Welcome to the forums at seaphages.org. Please feel free to ask any questions related to the SEA-PHAGES program. Any logged-in user may post new topics and reply to existing topics. If you'd like to see a new forum created, please contact us using our form or email us at info@seaphages.org.

New Version of Starterator for 2017?

| posted 06 Jan, 2017 17:21
Hi all,

So we've got the new 2017 SEAVM up and running. I was expecting to see the new version of Starterator in there (with the names of the phages directly on the tracks, green (for human-annotated) vs. yellow (for auto-annotated) called starts, etc.). However, that's not what I get; I get the same outputs as the 2016 version (just the track number on each track, only blue lines for called starts). I can, however, access the new PDFs for each pham online.
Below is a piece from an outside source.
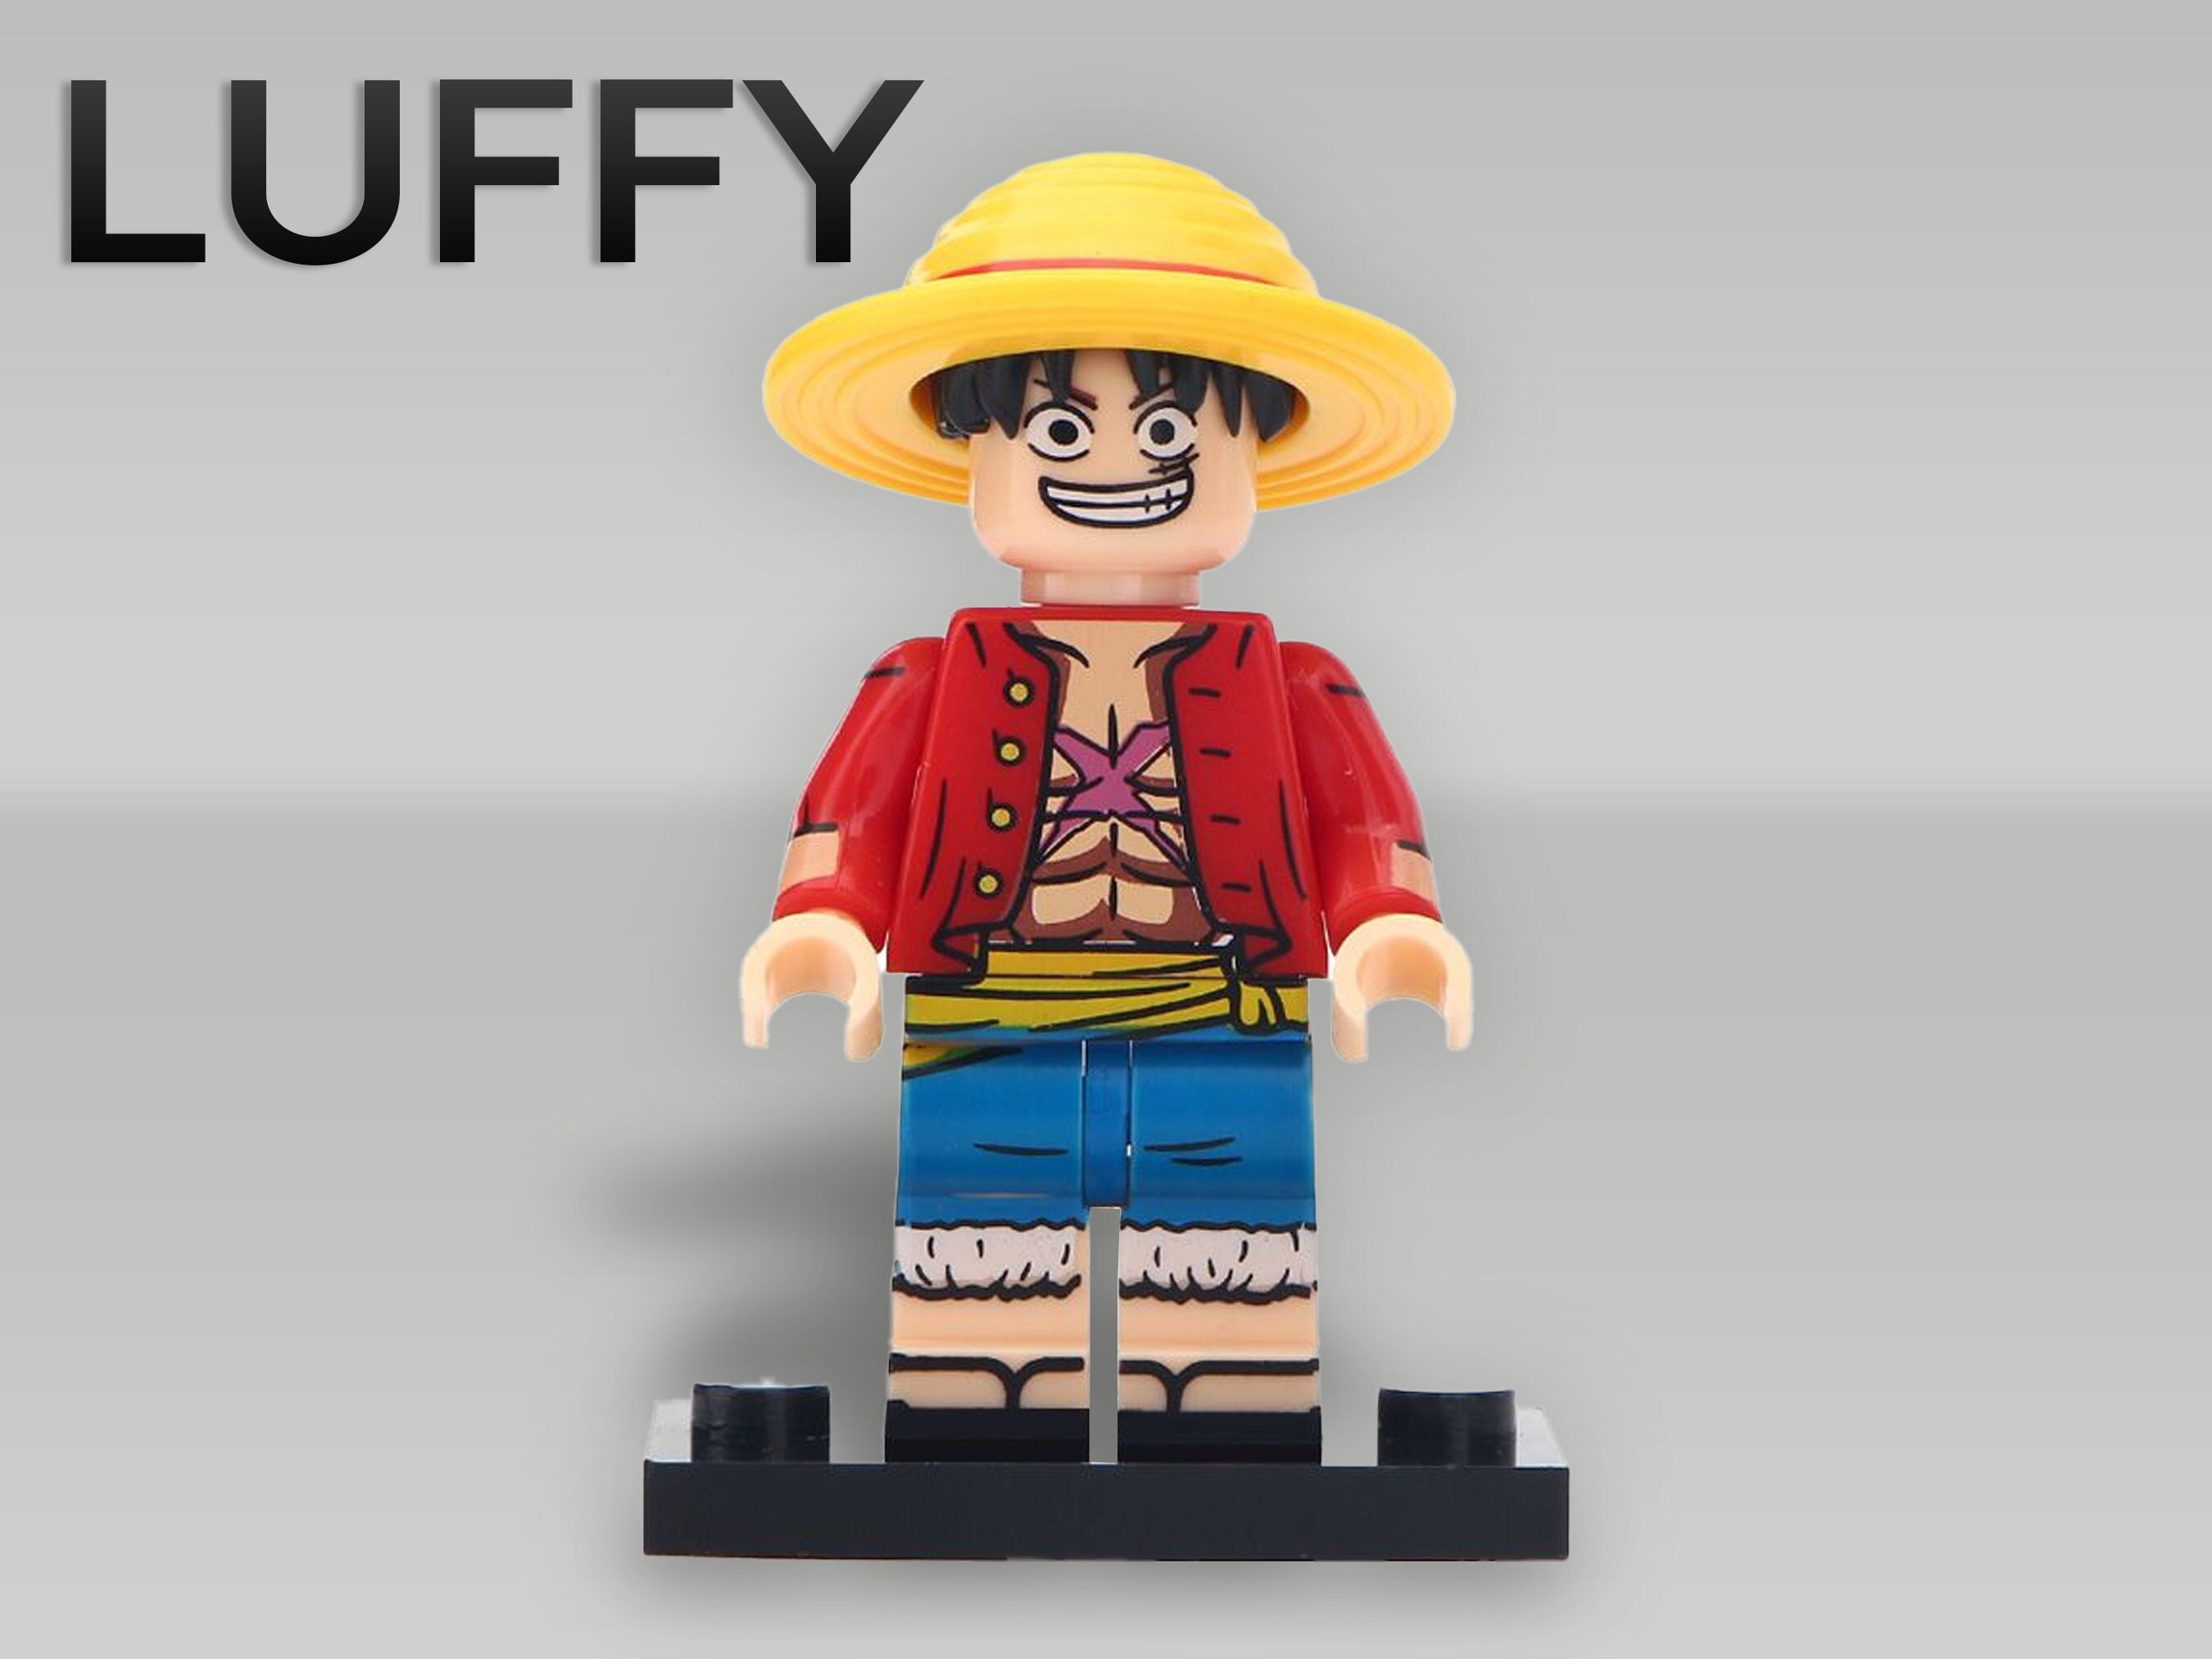 Lego Custom Zoro Play Club VIP minifigure One Piece Custom

Am I missing something in terms of getting the new outputs in Starterator in Ubuntu?

Thanks!
Nikki
| posted 10 Jan, 2017 01:15
Sorry I did get a chance to write some new code for starterator over thanksgiving in hopes of getting things into the VM but it was just not soon enough given the timing of the in silico workshop and the need to get the VM out to everyone attending. So if you are using the SEA 2017 and have not updated manually (using git command line), you still have the original version.

You can still use the SEA 2017 VM but you will not get any of my updates.
The current best way to get those reports is to use the pham reports I have been posting on the web. I post new reports every time there is a new phamerator database and I use my most recent code (for good or bad).

To get those you can go here http://phages.wustl.edu/starterator to see a list of all the pham reports (for all phams with two or more members). Just scroll down till you find the link for the pham you are interested in and click the link. However given the length of the list, an easier technique is to just type in the address using the pham number since everything else in the address is identical.

For example to get to the report for pham 21476 just type in this address

http://phages.wustl.edu/starterator/Pham21476Report.pdf

And if you want pham 66 just replace the 21476 in the above address with 66:

http://phages.wustl.edu/starterator/Pham66Report.pdf
| posted 11 Jan, 2017 18:30
Thanks for the clarification, Chris! I might try updating manually with the git command.
| posted 10 Feb, 2017 14:07
Hi Chris,

Thanks for working on the starterator program and updating the output. It looks great. The idea of pre-running on the phams and posting that output is excellent. Very helpful and likely how we will use the functionality most often.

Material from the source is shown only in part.